The case for real-time alerts and escalations: when management dashboards aren’t enough

Pharmaceutical-related case study

The Impact of Business Intelligence
  • Line speed increased up to 80-100%
  • Changeover time reduce by at least 80%
  • Downtime reduced by up to 93%
  • First-time quality improved from 88% to 99.8%


A pharmaceutical-related manufacturing business was plagued with heavy downtime and poor productivity. Downtime was extremely expensive for this operation. Manufacturing lines, when operating properly, produced at most 100 units per minute at an average sale price of up to up to $20 per unit.

Generally, downtime was related to a variety of factors including: preventive maintenance, spare part inventory, changeovers. However, there was a heavy human component embedded in all these issues, as well. Production workers and front-line supervisors, genuinely wanting to be resourceful and helpful, were attempting to solve production line problems on their own, without escalation. These well-intentioned employees lacked the resources to properly fix many of the root cause issues and it created a self-feeding system of repeated breakdowns and repairs.
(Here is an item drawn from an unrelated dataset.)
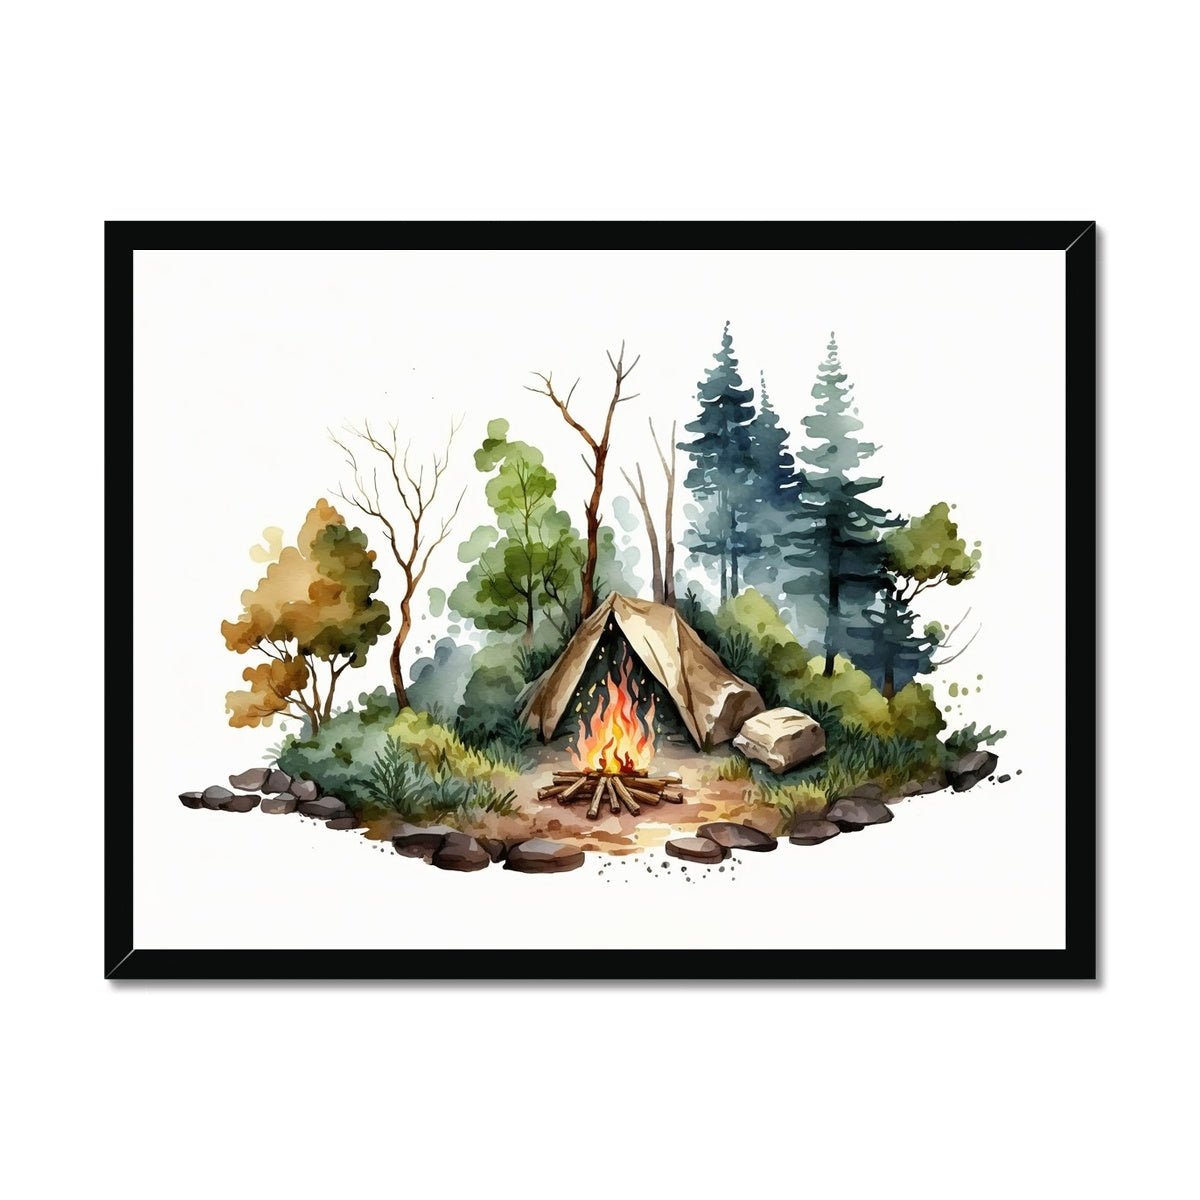 Nature's Serenity - Cozy Forest 1 1 - Landscapes Poster Print by doingly

Root-cause analysis was rarely done due to lack of information and the urgency to get the line running, and the fixes were never documented or shared with management.

The traditional manufacturing summary report told management the next morning total downtime and high-level information in a spreadsheet format. It would provide basic output, quality, and uptime information but without the granularity and insights required to understand the deeper issues; it was almost impossible to prevent many of the issues plaguing the operation in the future.
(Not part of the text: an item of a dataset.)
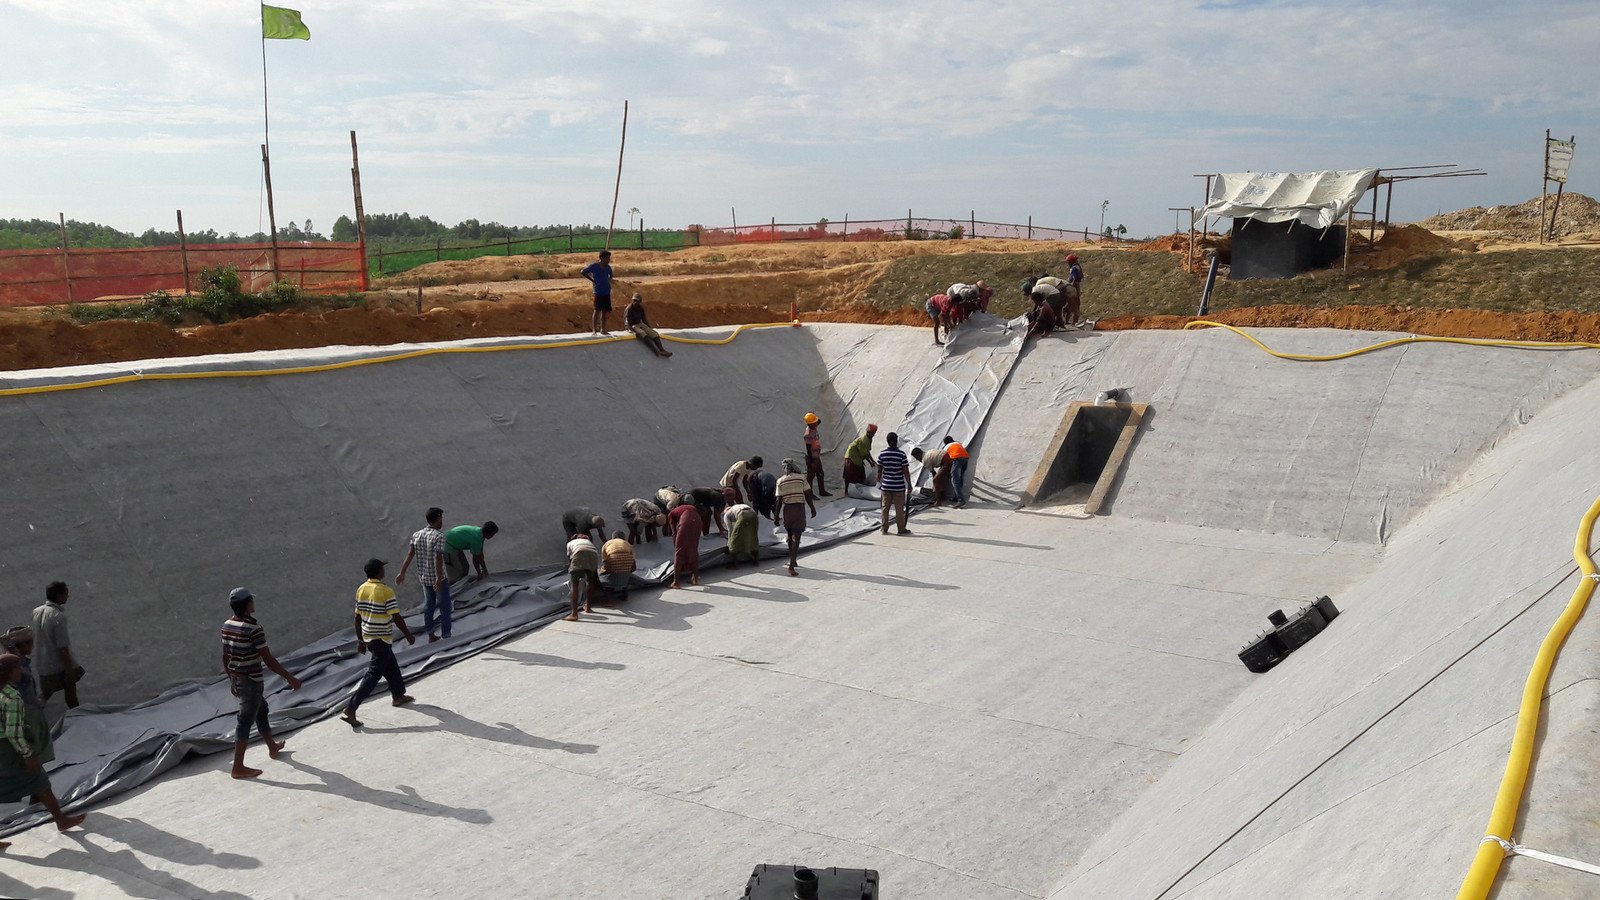 This waste treatment plant was built by Rohingya refugees and Oxfam’s engineers.

  • Were downtime events all related or unrelated?
  • Were they due to part malfunctions, operator error, configurations being changed, or some combination of everything?
  • Was the problem likely to recur?
  • Did the shift manager or operations leader know about the issues?
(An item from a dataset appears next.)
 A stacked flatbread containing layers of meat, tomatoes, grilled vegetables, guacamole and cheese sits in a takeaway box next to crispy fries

Unable to answer any of those questions, and struggling with business-impacting productivity issues, the business made a dramatic change to radically improve their business intelligence, ensuring they got the information they needed, when they needed it, in a way they could take action—with the goal of improving their bottom line.


The first steps in creating the necessary signaling and escalation process was to ensure all the necessary data feeds were connected, and to document the correct escalation protocols.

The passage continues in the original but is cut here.